FSD Bulletin

Issue 27 (2/2009)
18.8.2009

ISSN 1795-5262

Front page
Previous issues
Editorial staff

» latest issue

FSD Bulletin is the electronic newsletter of the Finnish Social Science Data Archive. The Bulletin provides information and news related to the data archive and social science research.


FSD

Finnish Social Science Data Archive
E-mail: fsd@tuni.fi

Privacy Policy


Destiny of Data in Hands of Researchers in Finland and Sweden – Guidance and Separate Allocations Would Secure Re-use

Hannele Keckman-Koivuniemi

In the spring, Swedish National Data Service (SND) charted the preservation and re-use of research data in the humanities, behavioural science, and social sciences. At the same time, views were probed on the barriers to and promotion of open access to research data. The respondents' familiarity with the OECD Recommendation on open access was also investigated. The survey was aimed at professors (549 respondents, response rate 38%) and postgraduates (1,147 respondents, response rate 28%).

The Finnish Social Science Data Archive conducted a similar Internet survey targeted at professors in 2006. This article presents and compares the results of the Finnish and Swedish professor surveys.

Data Left in Researchers' Possession More Often in Finland than in Sweden

About 70 percent of the Swedish and Finnish professors who responded to the surveys indicated that digital research data were collected in their own departments. After the research publication, the data are very often left in the primary researchers' possession as such - in Finland (59%) more often than in Sweden (46%).

Only rarely (Finland 13%, Sweden 11%) digital data are archived and described in the catalogues or databases of departments. Even more rarely the data end up being archived elsewhere, for instance in data archives (Finland 12%, Sweden 7%).

According to the professors, the existing digital research data in departments are often used in the follow-up studies conducted by the original researchers (Finland 94%, Sweden 54%), and relatively often in the surveys conducted by postgraduates and in other research projects within the departments. The data are also quite often used in teaching.

In Sweden, the data are rarely entirely destroyed after the completion of the primary research project (3%), whereas this is more frequent in Finland (20%). 50 percent of the Swedish professors estimated that over half of the digital research data from completed projects are available for re-use. Approximately every fifth Finnish professor agreed.

Open Access Receives Support, but Resources Are Missing

Compared to their Finnish colleagues, the Swedish professors think more often that the ethical, legal, and technical viewpoints together with the problems related to use of data (insufficient documentation and organisation of the information content and data files) offer the best explanation for why research data are not re-used. Inadequate resources are the biggest obstacle to open access to research data according to the Swedes. The researchers do not have the time and money to document and edit their data for future re-use. In addition, there is not enough information available on data documentation. The same issues seem to worry the Finnish professors as well. However, the Finns consider the fact that the research participants are not informed about archiving beforehand to be the biggest obstacle to open access to research data.

According to the Swedish professors, open access to research data would best be promoted by introducing specific allocations for submitting data for re-use to research funding (83%), and by recognising archiving data for re-use as scientific merit (83%). In addition, the importance of producing more study materials and increasing education on data life cycle management was emphasised. According to the Finnish professors, guidelines and recommendations jointly produced by universities (84%) and introducing specific allocations for submitting data for re-use to research funding (81%) are the most essential ways of promoting open access.

OECD Recommendation Already More Known

In 2004, the science and technology ministers of the OECD signed the Declaration on Access to Research Data from Public Funding.
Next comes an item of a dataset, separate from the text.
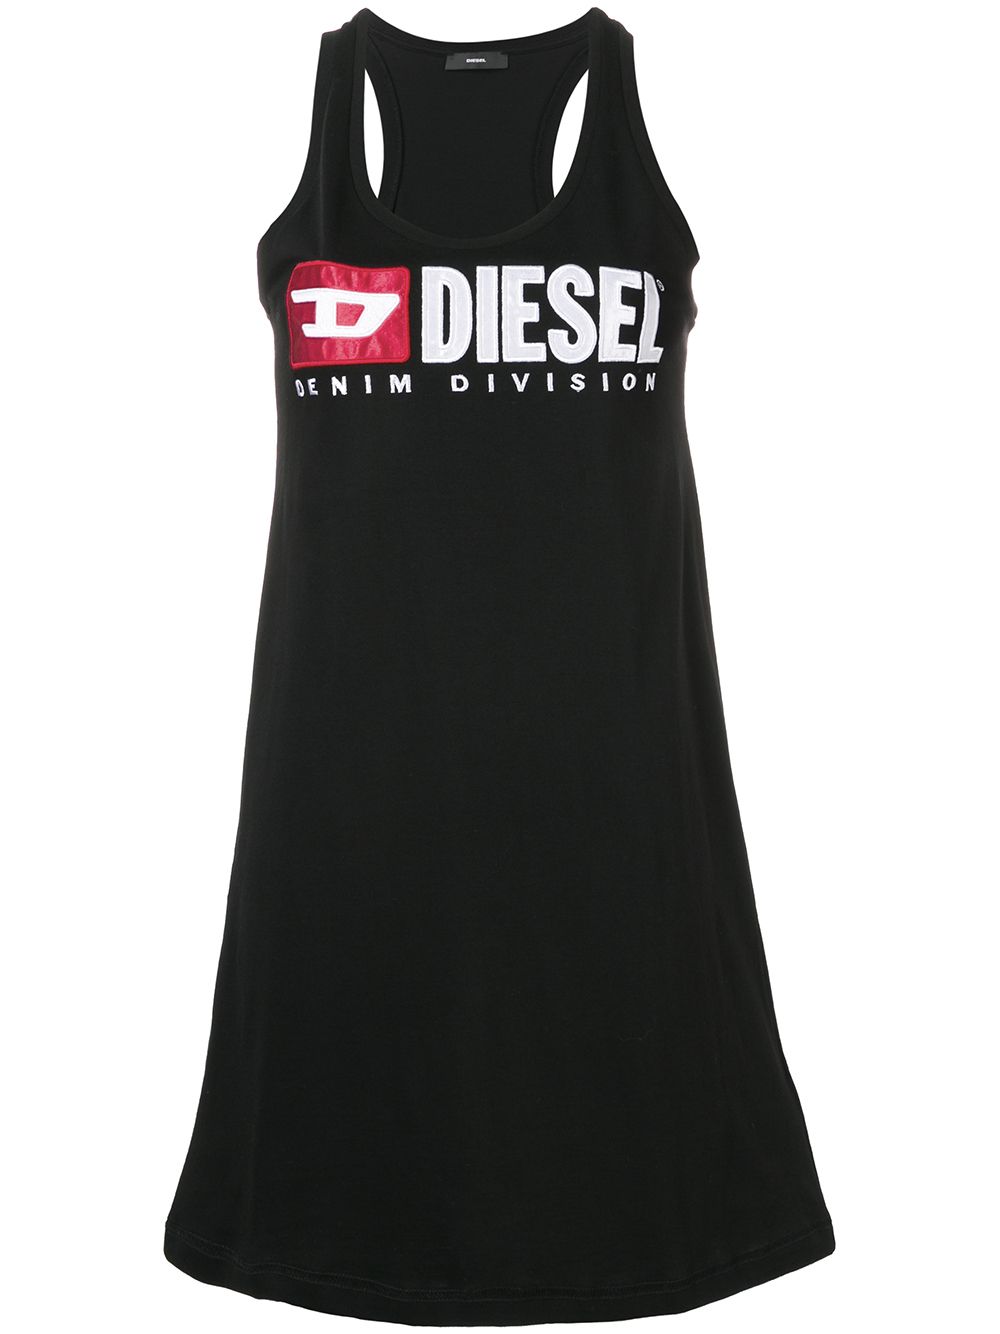 Diesel трикотажный топ с вышитым логотипом от Diesel
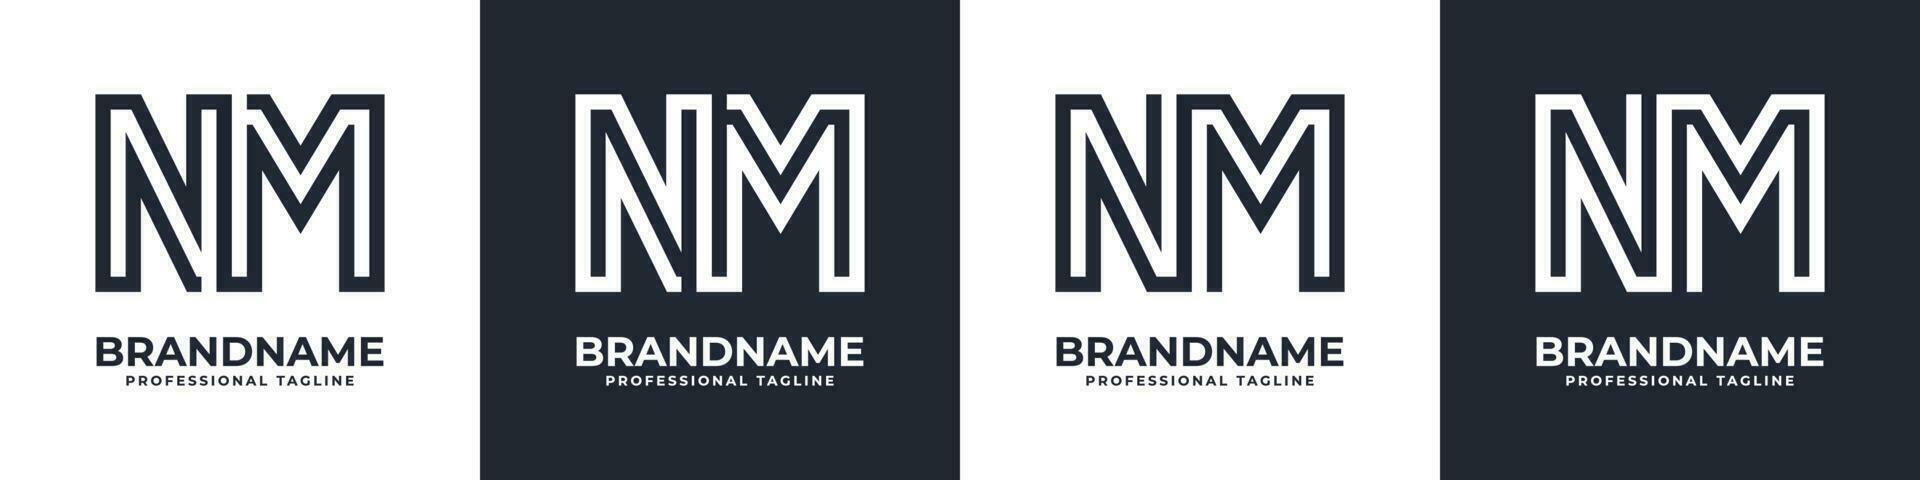 simples nm monograma logotipo, adequado para qualquer o negócio com nm ou mn inicial. vetor

The Recommendation based on the Declaration was published in 2007.

The Finnish and Swedish surveys also charted the professors' opinions on and knowledge of the Declaration. According to the Swedish results, 61 percent of the professors had never heard about the OECD Declaration or Recommendation. The corresponding proportion was 81% in the Finnish survey, which was conducted a couple of years earlier. This difference is more likely to reflect the activity of the international Open Access discussion in the past couple of years than the Swedish professors' greater familiarity with the issue.

Learn Your Lesson

The FSD has published a data management manual for research material on its website (only in Finnish). It contains guidelines on managing digital research material through the different stages of its life cycle.

 

Sources and additional information:
» Carina Carlhed & Iris Alfredsson (2009). Swedish National Data Service's Strategy for Sharing and Mediating Data. Practices of Open Access to and Reuse of Research Data – The State of Art in Sweden 2009. Paper presented at IASSIST/IFDO 2009. Mobile data and the life cycle. IASSIST's 35th annual conference, Tampere, Finland, May 26–29, 2009.